Obwohl er „heran wuchs“,  „Gott [ihn] mit Weisheit erfüllte und seine Gnade auf ihm ruhte“ und er Maria und Josef „gehorsam war“, war Jesus auch sehr dunkel über das Thema seines Lebensplans und seines Auftrags auf der Welt. Das bedeutet, dass es ein natürliches und normales Verhalten ist. Sicher weiß er, wie auch Maria und Josef wissen, dass er Gottes Sohn ist und er einen auszuführen Auftrag für die Welt hat, aber er weiß noch nicht bestimmt, was er ist, wie alle Jungen es nicht wissen, wenn sie eine Berufung hören oder einen Traum hegen, aber sie haben noch nicht gut verstanden, was es ist.

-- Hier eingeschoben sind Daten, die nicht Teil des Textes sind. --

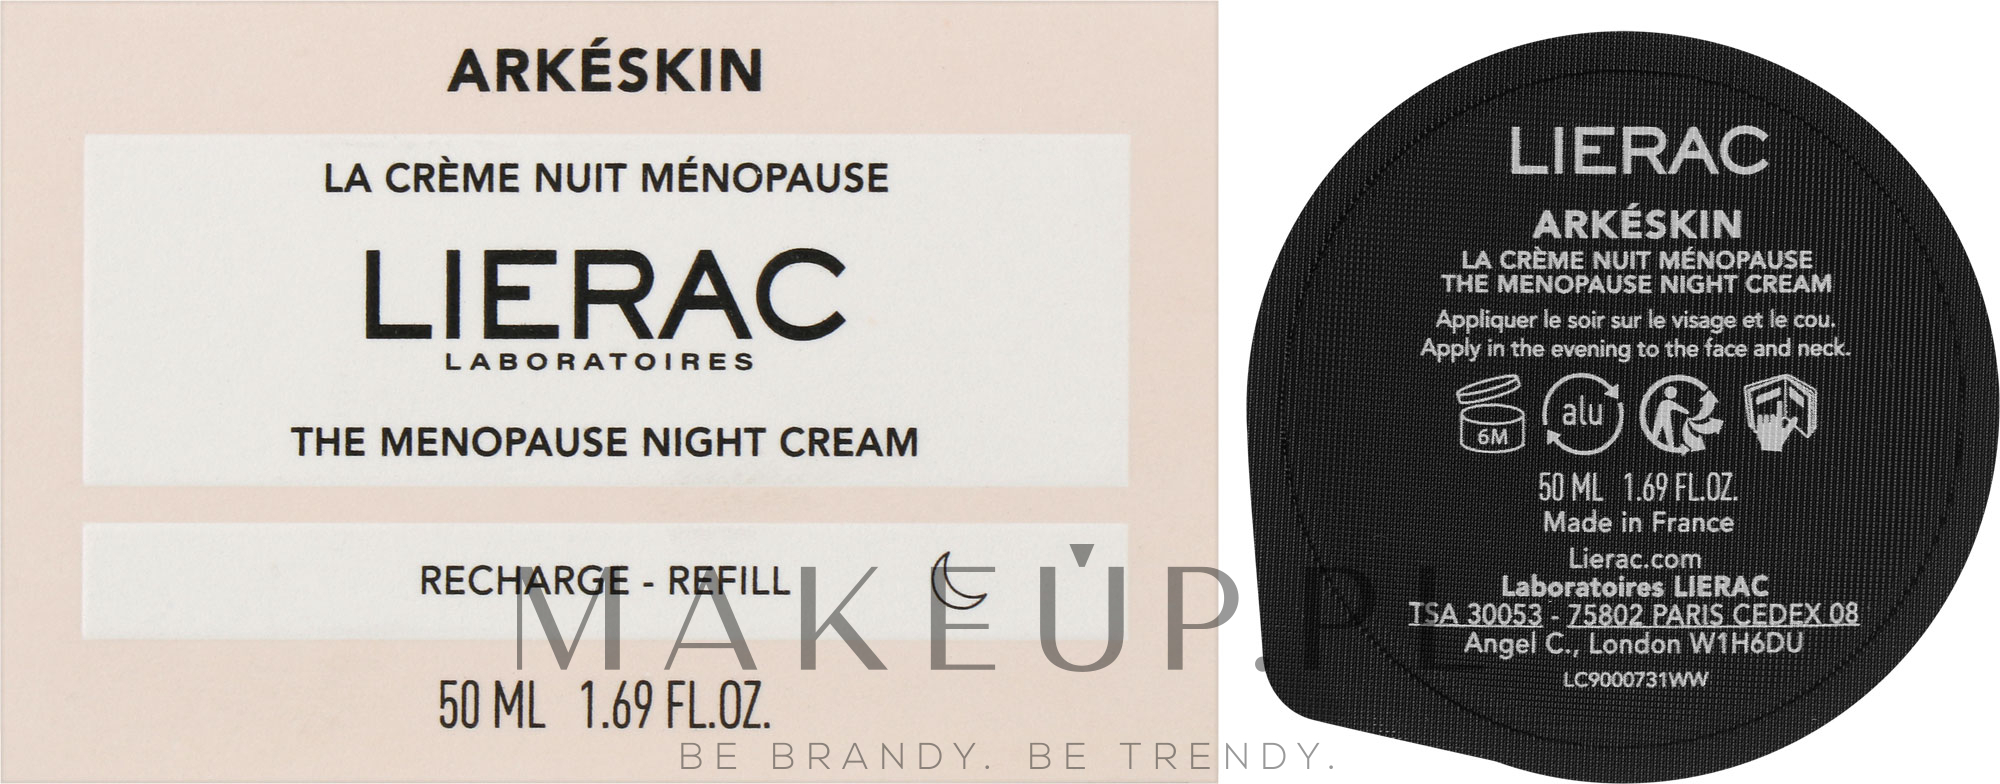 Krem do twarzy na noc - Lierac Arkeskin The Menopause Night Cream Refill (wymienny wkład) — Zdjęcie 50 ml

Die Szene des Dialogs Jesus mit seinen Eltern im Tempel schließt mit eine Behauptung: „Doch sie verstanden nicht, was er damit sagen wollte“. Sie konnten nicht verstehen, weil Jesus selbst noch nicht die Grenzen seines Lebensplans klar hatte. Trotzdem, beginnt er schon in der Passage von heute wegen einer jener Eingebungen, die die Jungen oft haben, mit den Lehrern zu debattieren, da er empfindet, dass sie während seines ganzen öffentlichen Lebens die Gegenpartei seinem Gedanken repräsentieren werden.

Die Passage von heute ist die einzige, die über die Jugend Jesus redet, aber sie ist auch ein glänzendes Licht, das eine der schwierigsten Momenten des Familienlebens erleuchtet.